Darktable 1.1 thus gives you multiple ways to find the image you are thinking of, based on automatic or user-assigned metadata, image properties, and the photo's point of origin. The application also gives you quick access to common editing tasks from within the image management tab. Direct export is the most obvious task, but Darktable can also take a select set of differently-exposed images and blend them into a high dynamic range (HDR) image, or it can immediately apply a user-defined "style" with one click of a button. These styles amount to templates; to define one you select an image to which you have made changes and save its current state as a new style.
The last of the new user-visible features in the new release is support for live previews in tethered shooting mode. Tethered shooting refers to capturing images from a camera connected to the computer over USB. There are several practical reasons for tethering, including the ability to see larger and higher-quality output than can be displayed on a camera's LCD screen. But tethered shooting can also be helpful when setting up complicated studio shots, such as time-lapses, macro-photography, or tricky-to-capture phenomena (imagine capturing the arrow-striking-an-apple shot, for instance). Live preview makes setting up and double-checking these carefully-managed shoots far simpler.
Darktable 1.1 has new features under the hood, too. The most prominent is support for GPU-based hardware acceleration, which arrives courtesy of OpenCL. OpenCL support benefits users by speeding up image transformations. When working with high-megapixel raw images, every speed increase is important, because users want to see even minute changes in settings reflected as soon as possible on the screen. The trend in camera-making is to add more megapixels with every release, of course, and these days the low end of the price spectrum offers more pixels than the high end did a few years ago — so time-saving is not the concern of professional photographers alone. Darktable, like GIMP, uses the GEGL library to perform image transformations. As we mentioned in May 2012, GEGL has been slowly but surely adding OpenCL support to its operations in recent years, most recently through the work of developer Victor Oliveira. OpenCL "kernels" are functions which can be executed in parallel on GPUs or CPUs, and they are architecture-independent (unlike, for example, NVIDIA's CUDA). Thus, systems with a supported GPU automatically get GPU acceleration, but all multi-core CPU systems automatically get multi-threading, too. At the moment, the proprietary graphics drivers from NVIDIA and ATI offer the best support for OpenCL, although the Nouveau driver project is making progress on its own.

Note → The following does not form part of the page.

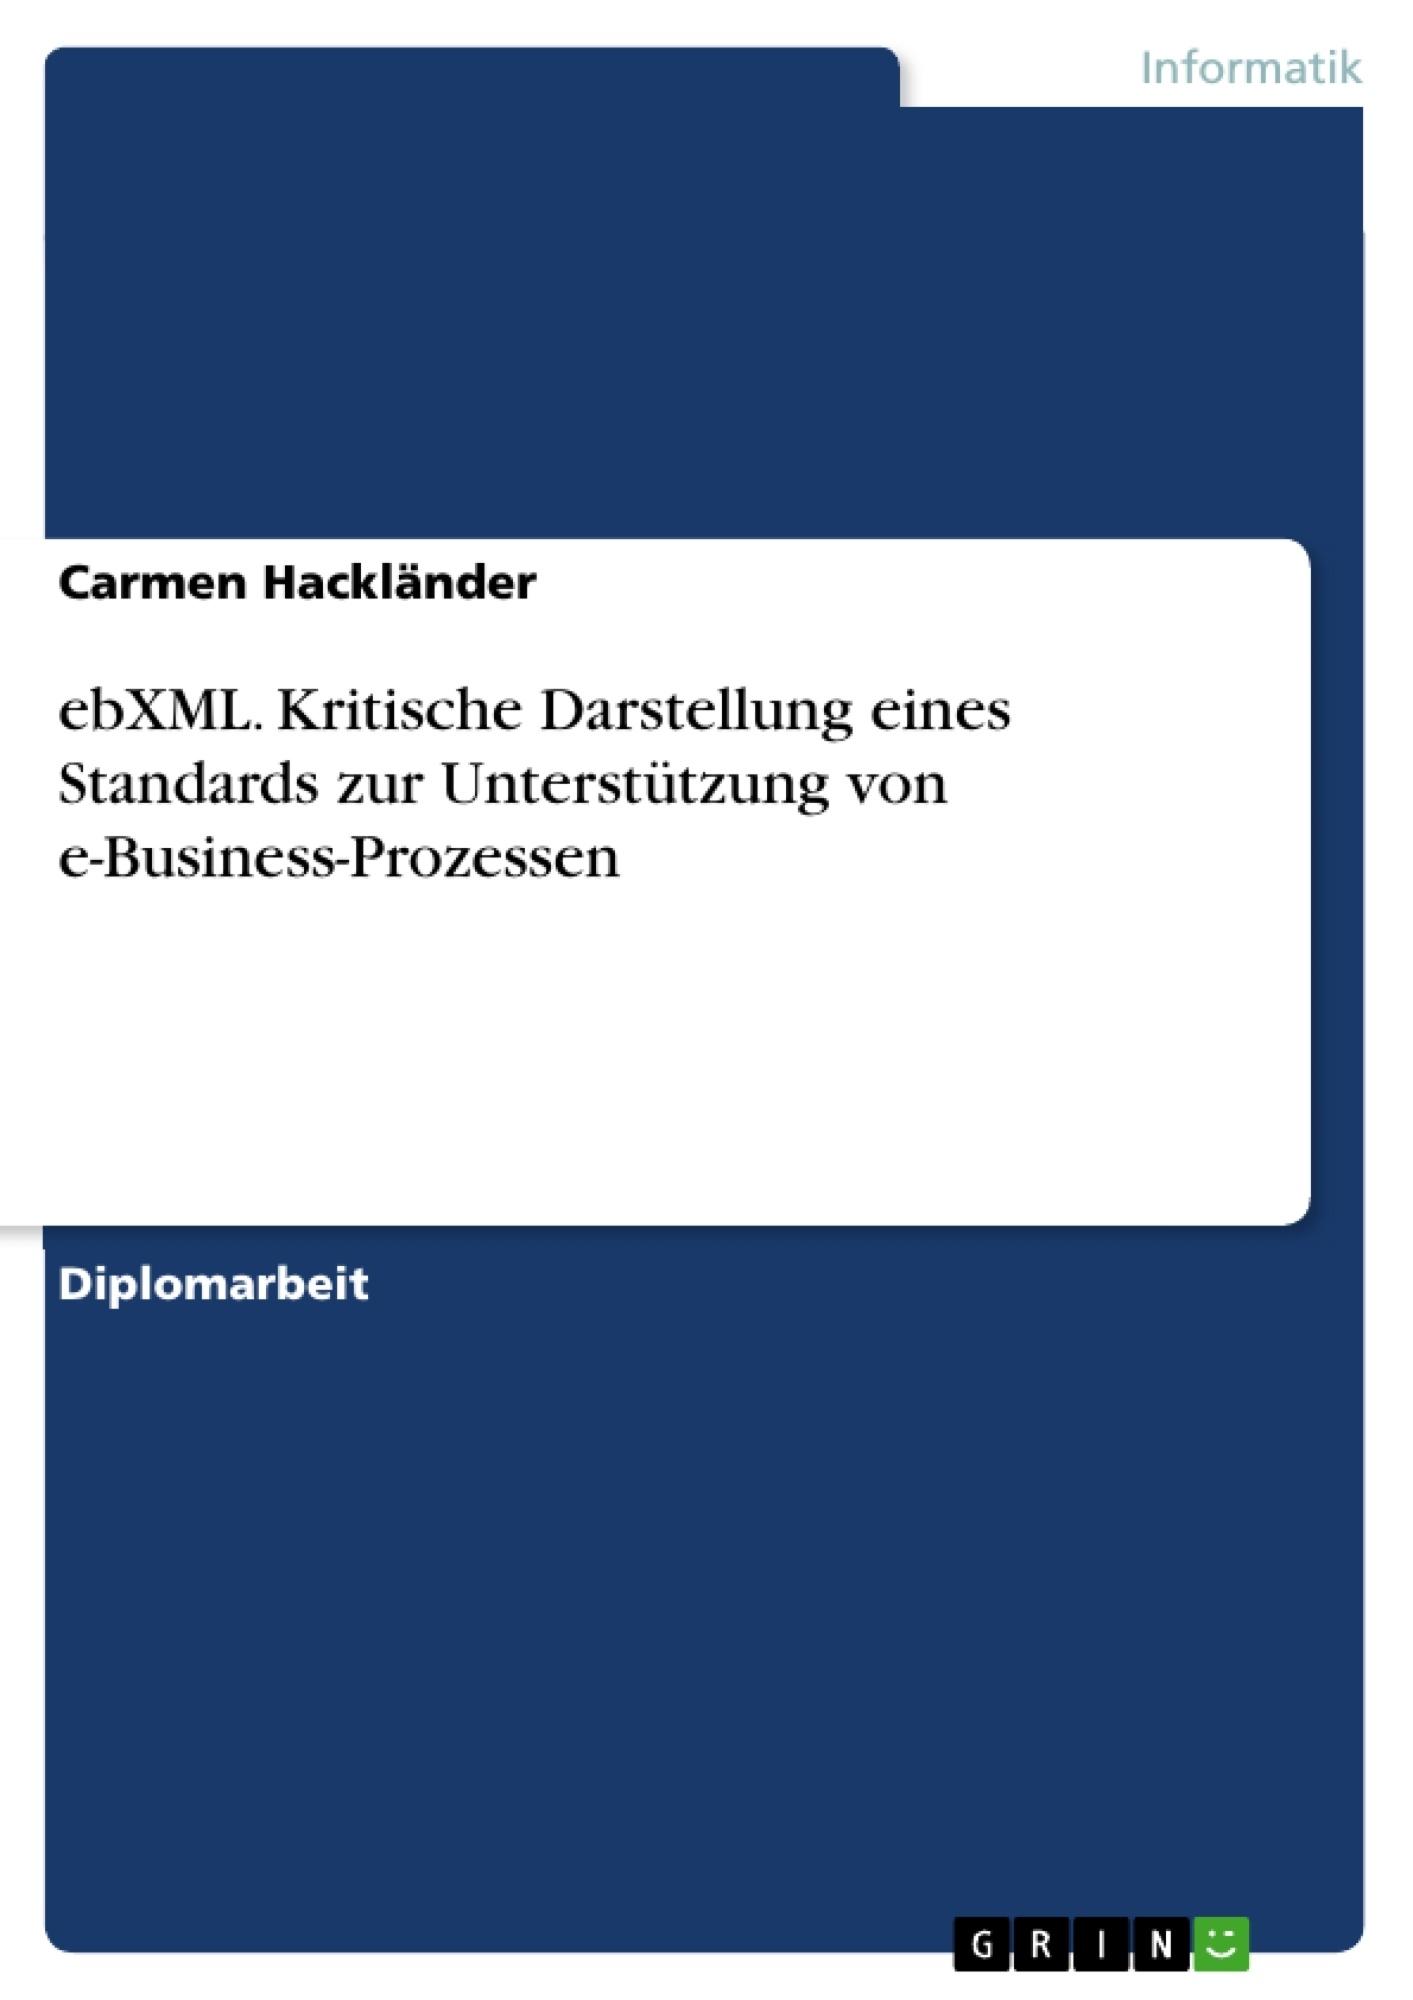 Titel: ebXML. Kritische Darstellung eines Standards zur Unterstützung von e-Business-Prozessen
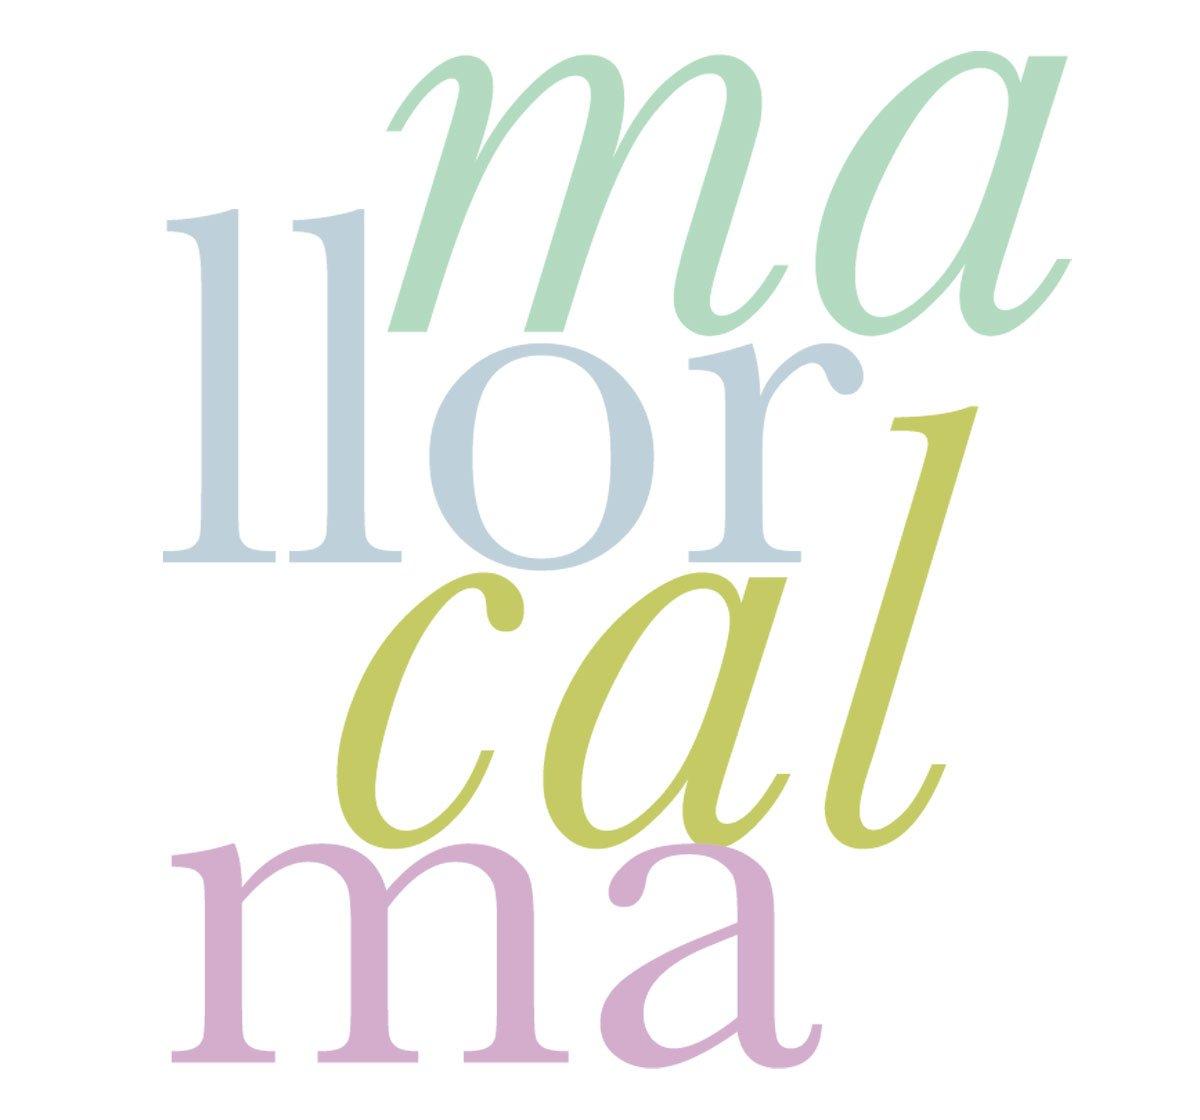 Mallorcalma

The list of changes since the Darktable 0.9 series includes other features, too, but the most significant for the average user will no doubt be the improved user interface. There are still quirks, but the team has done an excellent job of fixing the biggest usability blockers — and doing so without sacrificing the design aesthetic that earlier releases established. Darktable's approach to image editing has always been different from the other open source raw converters. When its own user interface does not get in the way, it makes a much stronger case — and, more importantly, it lets the user experiment with the unique features, and stumble across interesting effects.